Conditional density of ordered iid Exp(1)

Question

I am trying to apply the change of variable theorem for the calculation of the distribution, via the conditional density, of this transformation of joint iid $X_i$ that are Exp(1) variables with no success:

$$f_{X_{(2)}-X_{(1)},...,X_{(n)}-X_{(1)}|X_{(1)}}(x_2,...,x_n)$$

where $X_{(1)}$ is the minimum, $X_{(2)}$ is the second lowest variable and so on (ordered statistic).

Any suggestion? This distribution, according to Exercise 15.1.3 of Probability Theory by A. Klenke (3rd version), should be equal to the unconditional distribution of the ordered sample $(X_{2},...,X_{n})$. (For the ones checking the book, I reversed the notation).

Edit

Could it be something like the following equations based on the iid and “memoryless” properties of the sample?

$P[X_{(2)}-X_{(1)}<y_2,…,X_{(n)}-X_{(1)}<y_n| X_{(1)}=x_1]= \\= n! P[X_{2}-X_{1}<y_2,…,X_{n}-X_{1}<y_n| X_{1}=x_1]= \\=n!P[X_{2}<y_2+x_1,…,X_{n}<y_n+x_1| X_{1}=x_1]=\\=n!P[X_2<y_2]…P[X_n<y_n]$

Basically I am considering in the $n!$ permutation also the fact that the lowest observed value could come from any observation in the sample. Thus I condition on the (arbitrarily) first observation to be the lowest and no more on the minimum $X_{(1)}$. Before I tried to divide the joint density of the ordered statistics by the density of the minimum. Is my reasoning right?

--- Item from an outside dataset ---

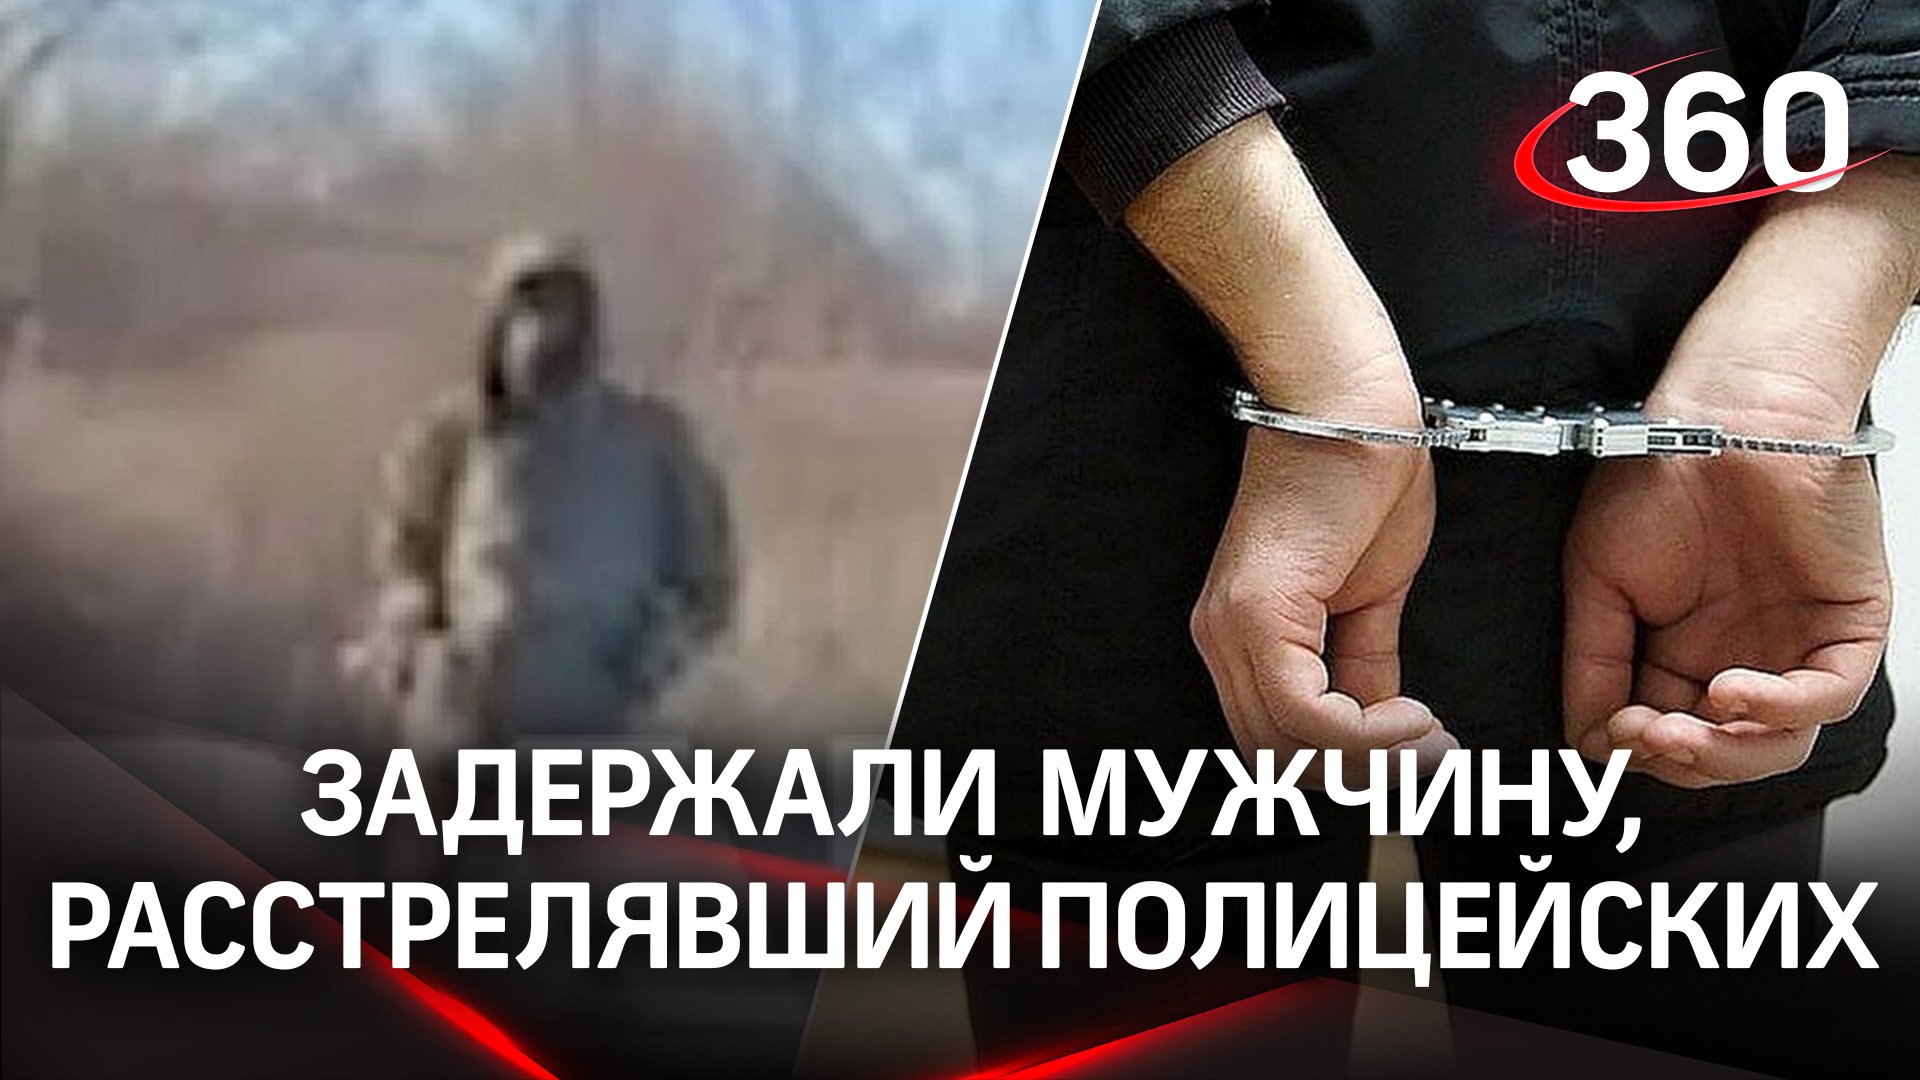 Расстрелявший полицейских из пулемета задержан в Новошахтинске. Он может быть дезертиром

Edit https://math.stackexchange.com/a/4626276/1073326

Here @xzm solved it very clearly by suggesting that the unconditional distribution is related to ordering a sample of dimension $n-1$, if I understood properly.

Answer 1

For iid $(X_i)_{i=1}^n$ with $X_{i}\sim\text{Exponential}\left(i\right)$ according to this answer we can write: $$\left(X_{\left(1\right)},X_{\left(2\right)},X_{\left(3\right)},\dots,X_{\left(n\right)}\right)=\left(Y_{n},Y_{n}+Y_{n-1},Y_{n}+Y_{n-1}+Y_{n-2},\dots,Y_{n}+Y_{n-1}+Y_{n-2}+\dots+Y_{1}\right)$$ where the $(Y_{i})_{i=1}^n$ are independent and $Y_{i}\sim\text{Exponential}\left(i\right)$.

Then we have: $$\left(X_{\left(2\right)}-X_{\left(1\right)},X_{\left(3\right)}-X_{\left(1\right)},\dots,X_{\left(n\right)}-X_{\left(1\right)}\right)=\left(Y_{n-1},Y_{n-1}+Y_{n-2},\dots,Y_{n-1}+Y_{n-2}+\dots+Y_{1}\right)$$

Note that according to the same reasoning the random vector on RHS has the same distribution as: $$\left(Z_{\left(1\right)},Z_{\left(2\right)},\dots,Z_{\left(n-1\right)}\right)$$ if the $\left(Z_{i}\right)_{i=1}^{n-1}$ are iid with $Z_{i}\sim\text{Exponential}\left(1\right)$.

Moreover there is independence with respect to random variable $Y_n=X_{\left(1\right)}$ so that any conditions on $X_{\left(1\right)}$ do not affect the distribution of the random vector.